— INFORMATION SUPPLIED —
•••

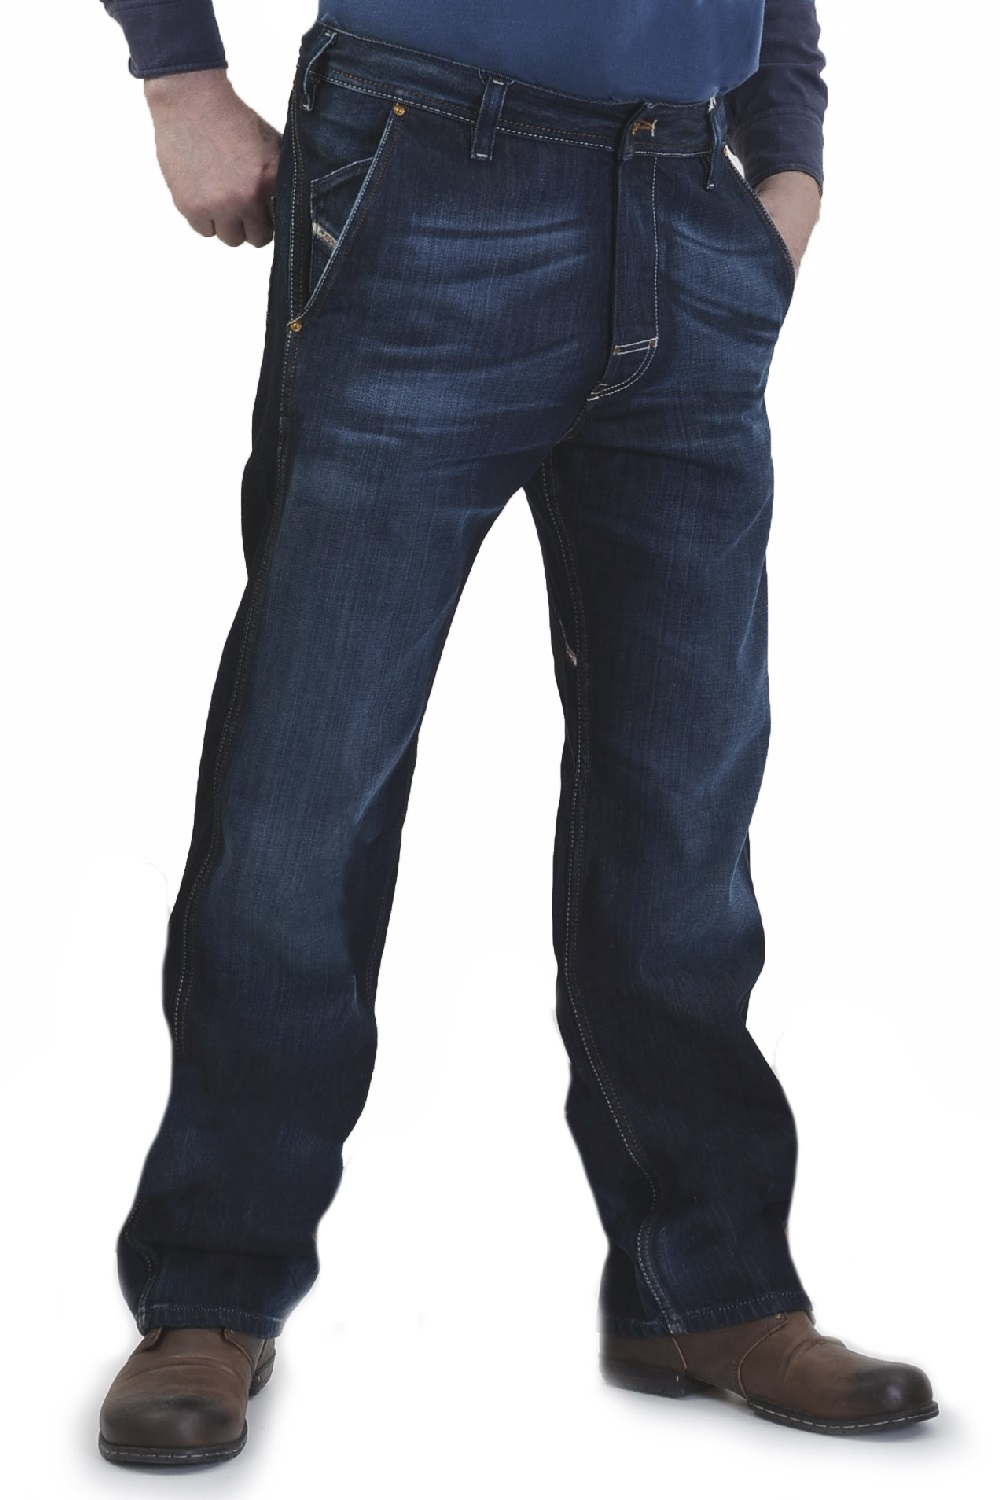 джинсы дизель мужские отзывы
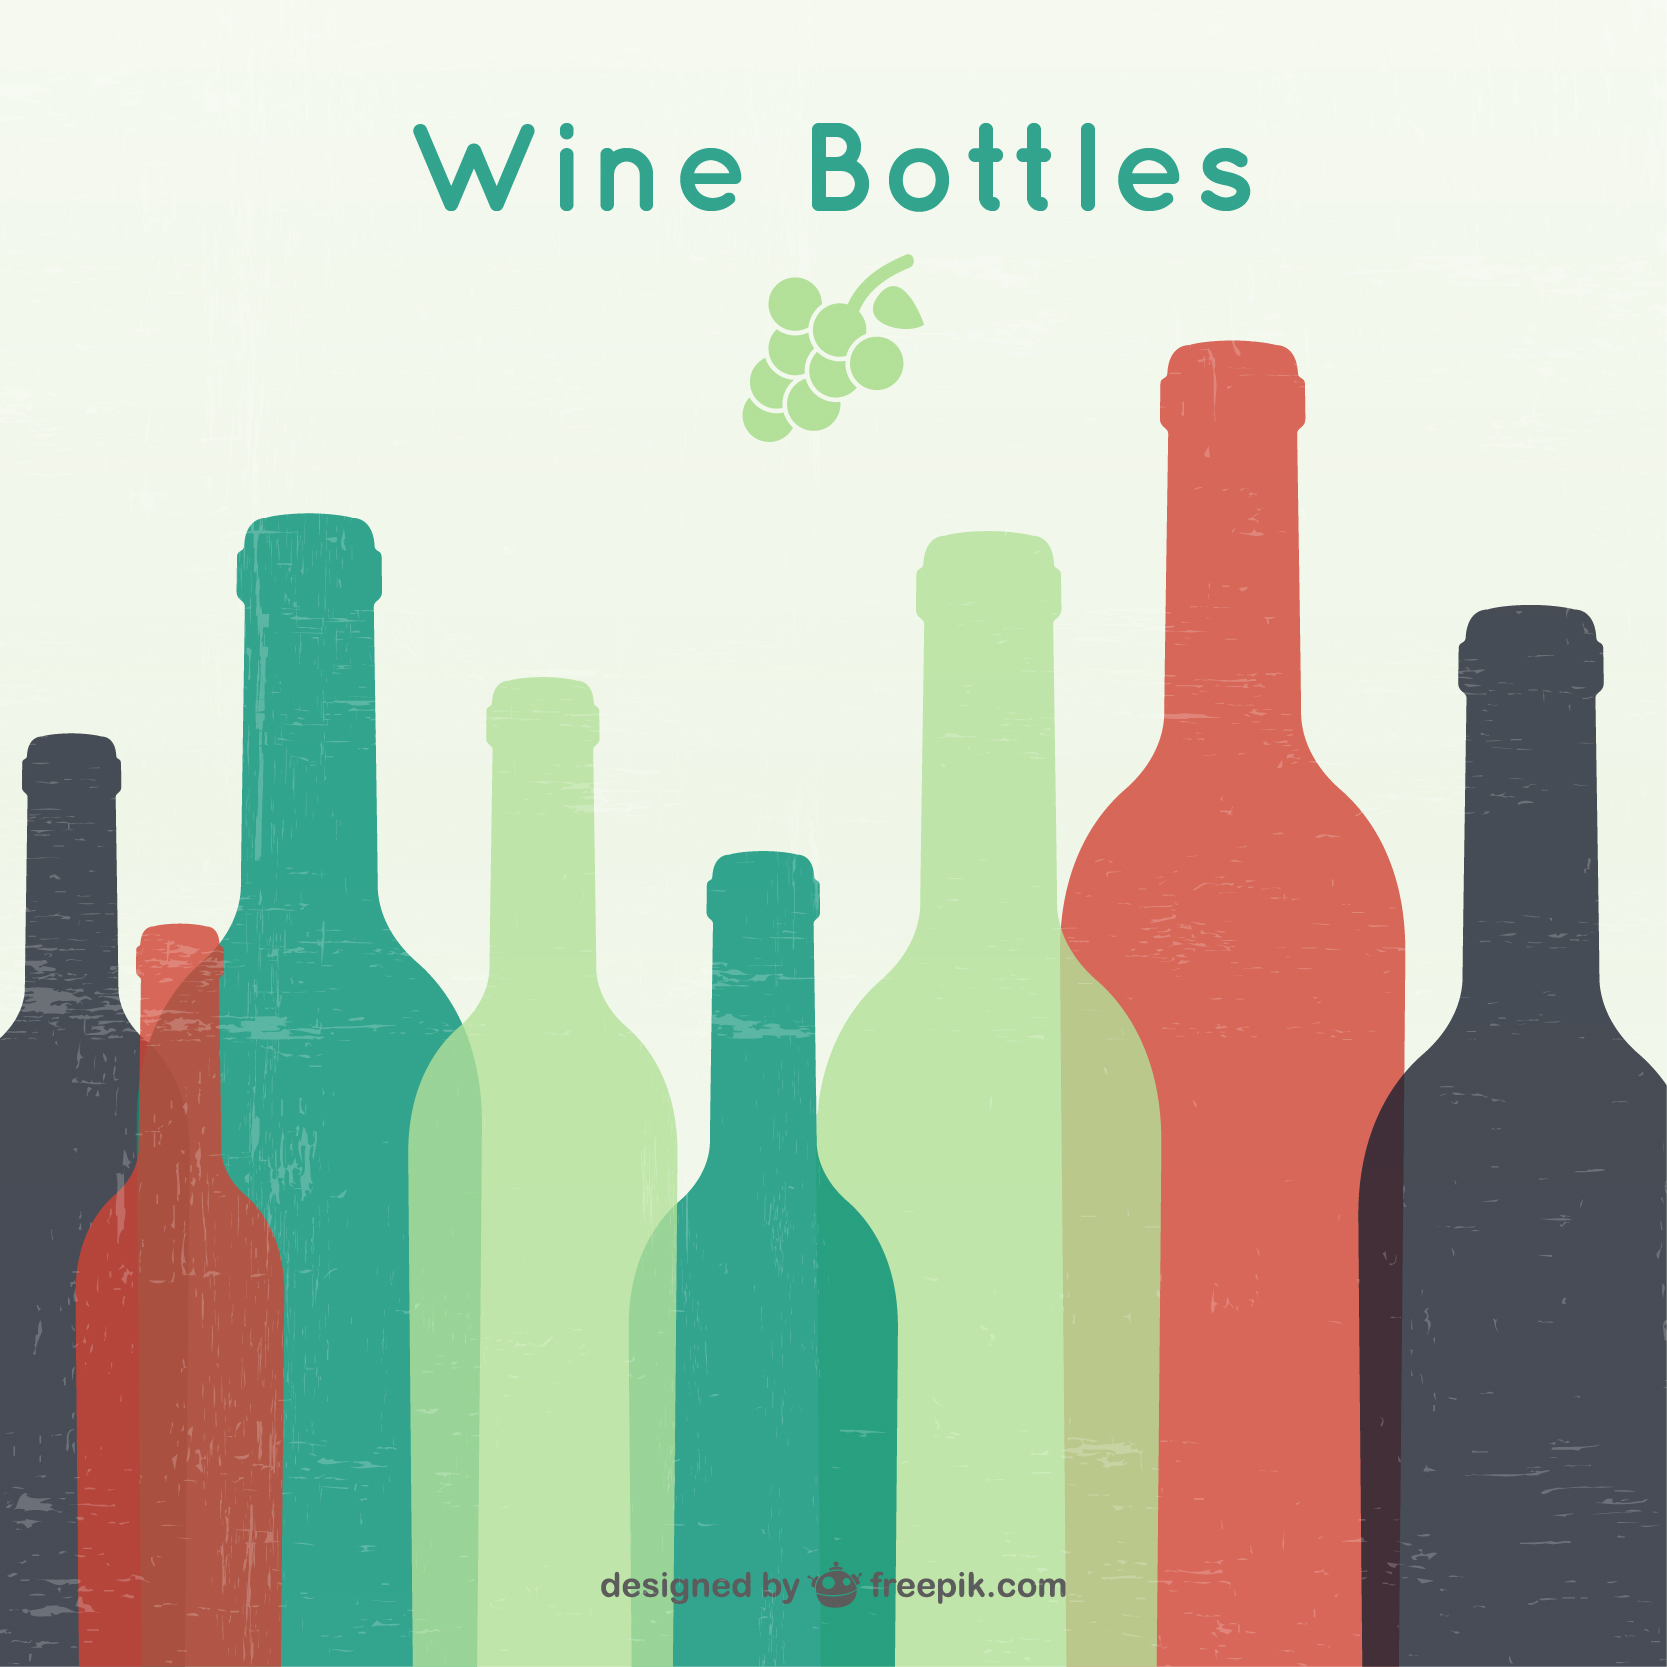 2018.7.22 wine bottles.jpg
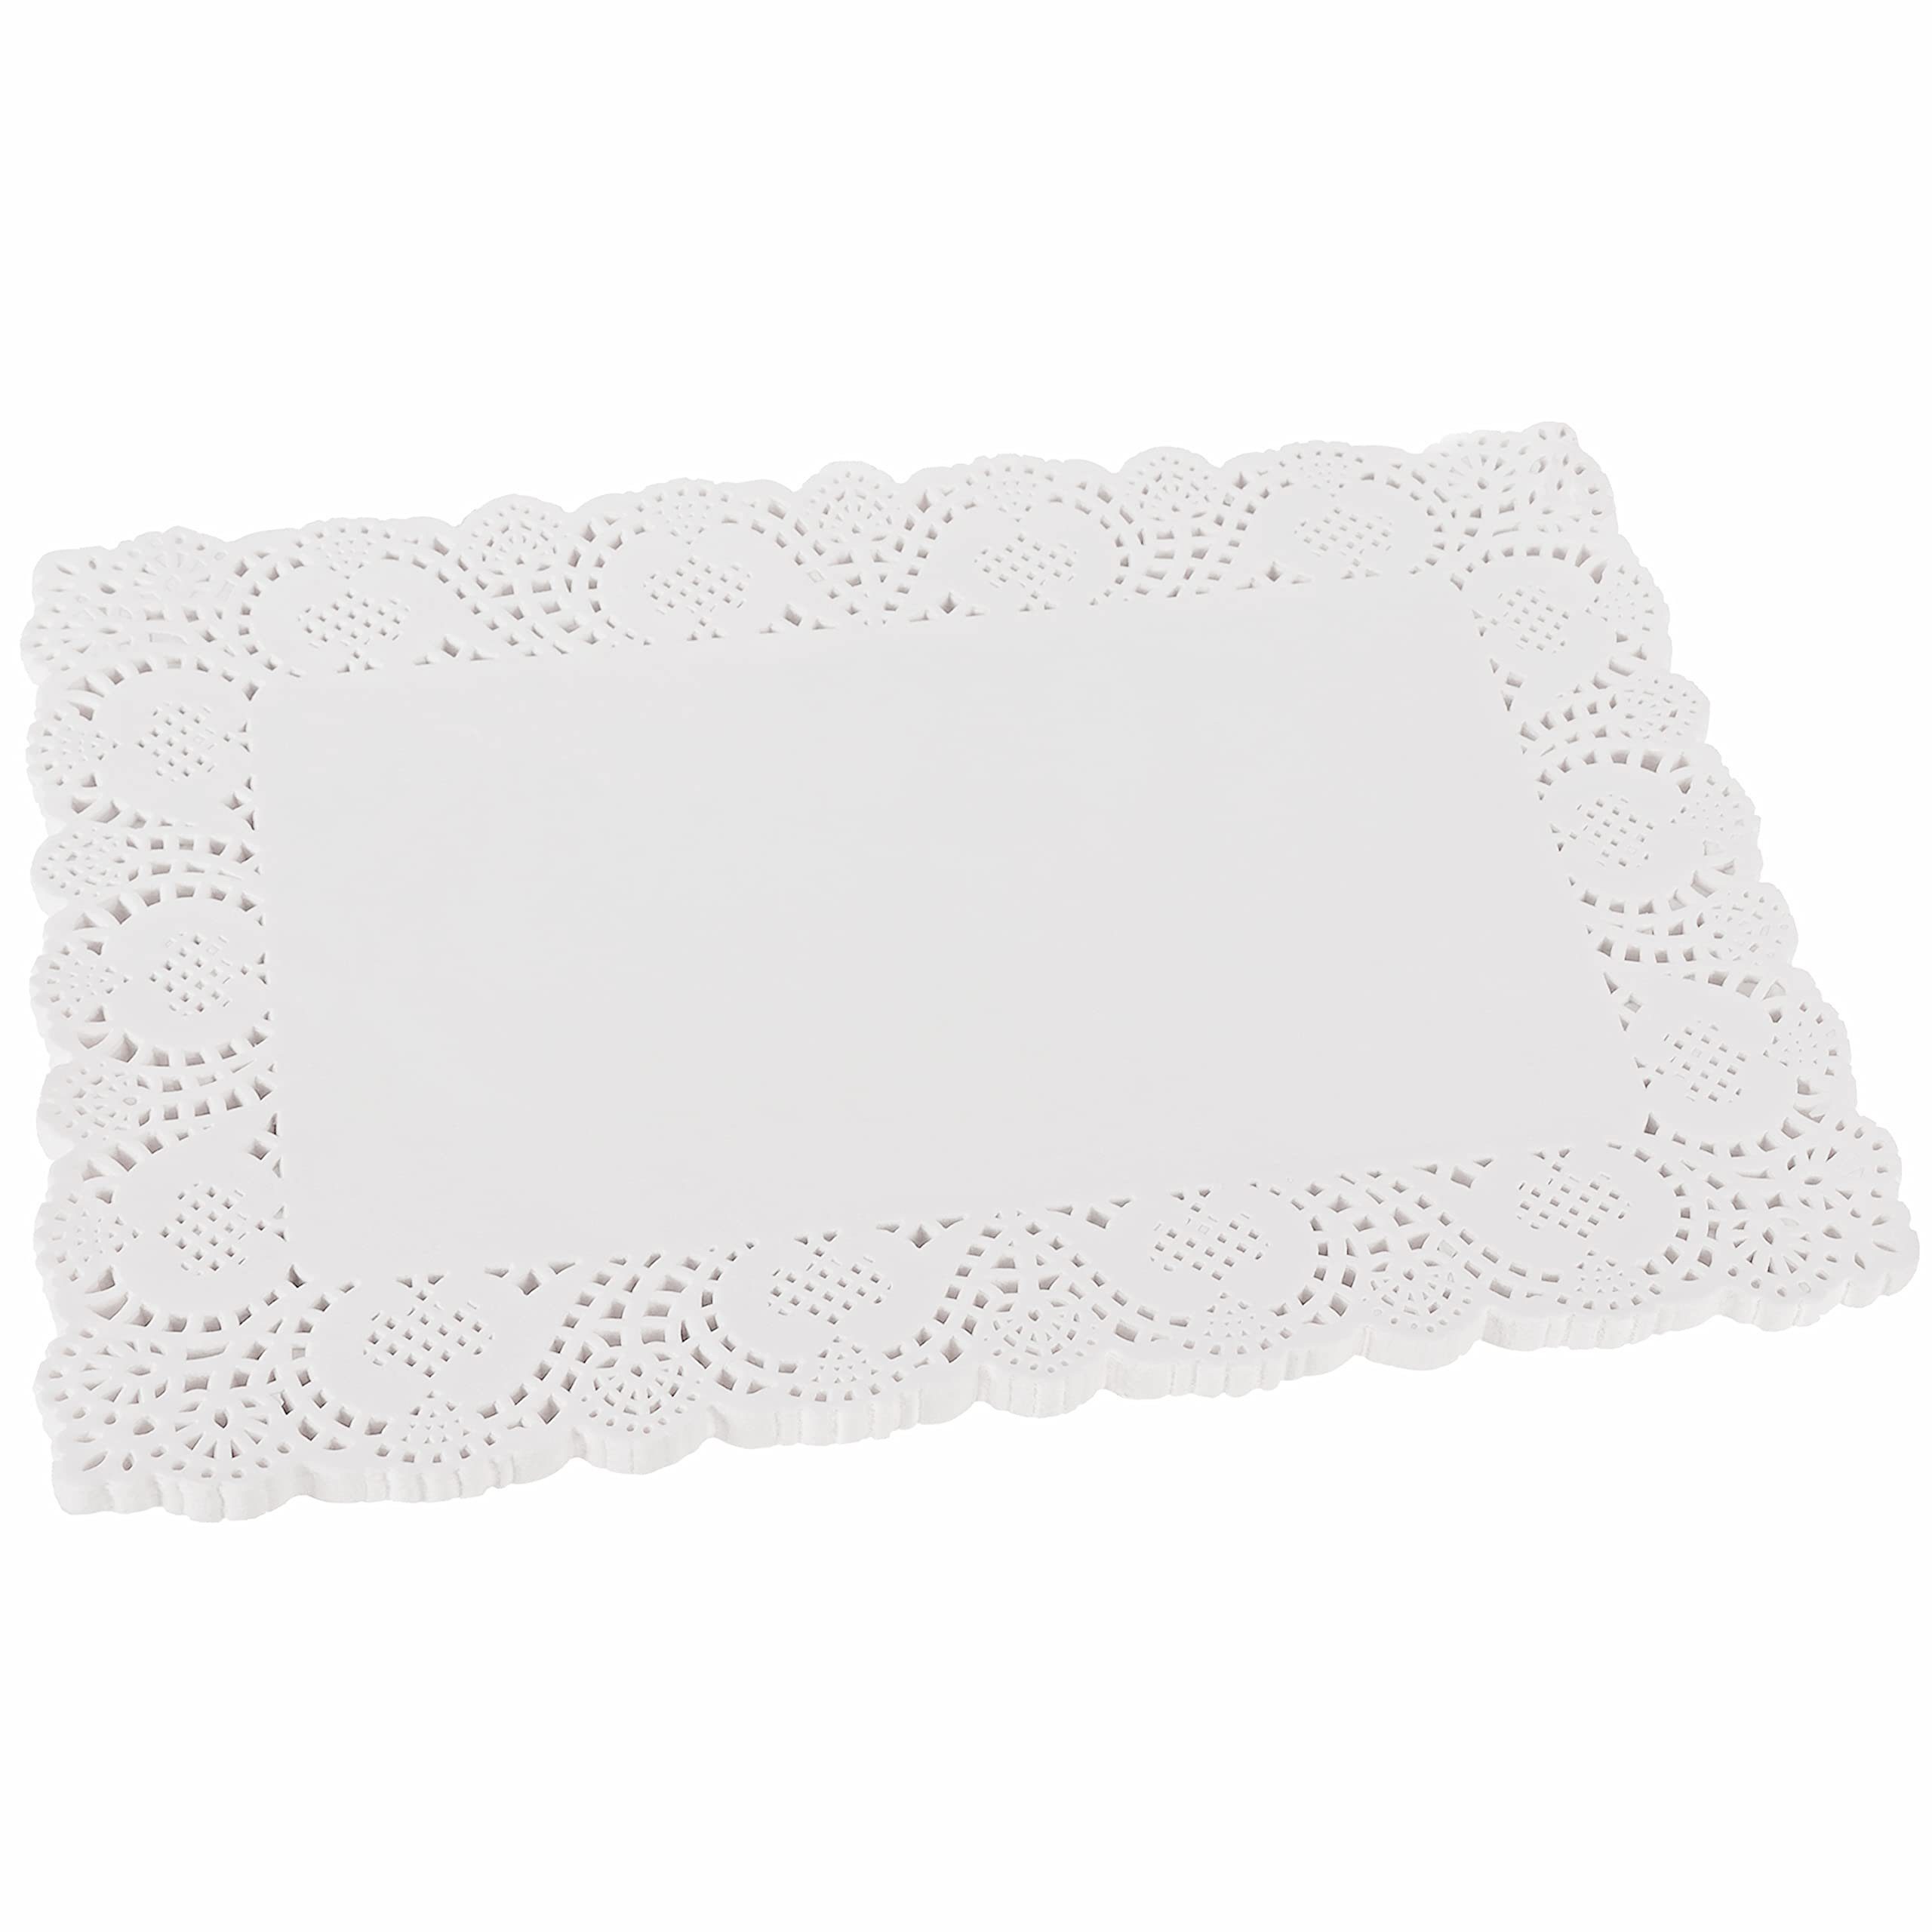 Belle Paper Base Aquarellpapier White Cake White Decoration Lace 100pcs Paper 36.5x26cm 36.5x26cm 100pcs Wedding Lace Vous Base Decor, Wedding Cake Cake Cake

•••

— ASSIGNED TASK —
Your copy should hold exactly the lines from the one that contains "2018.7.22 wine bottles.jpg" through the final line of the data, both ends included, and no pictures.

— RESULT FOR THIS EXERCISE —
 2018.7.22 wine bottles.jpg
 Belle Paper Base Aquarellpapier White Cake White Decoration Lace 100pcs Paper 36.5x26cm 36.5x26cm 100pcs Wedding Lace Vous Base Decor, Wedding Cake Cake Cake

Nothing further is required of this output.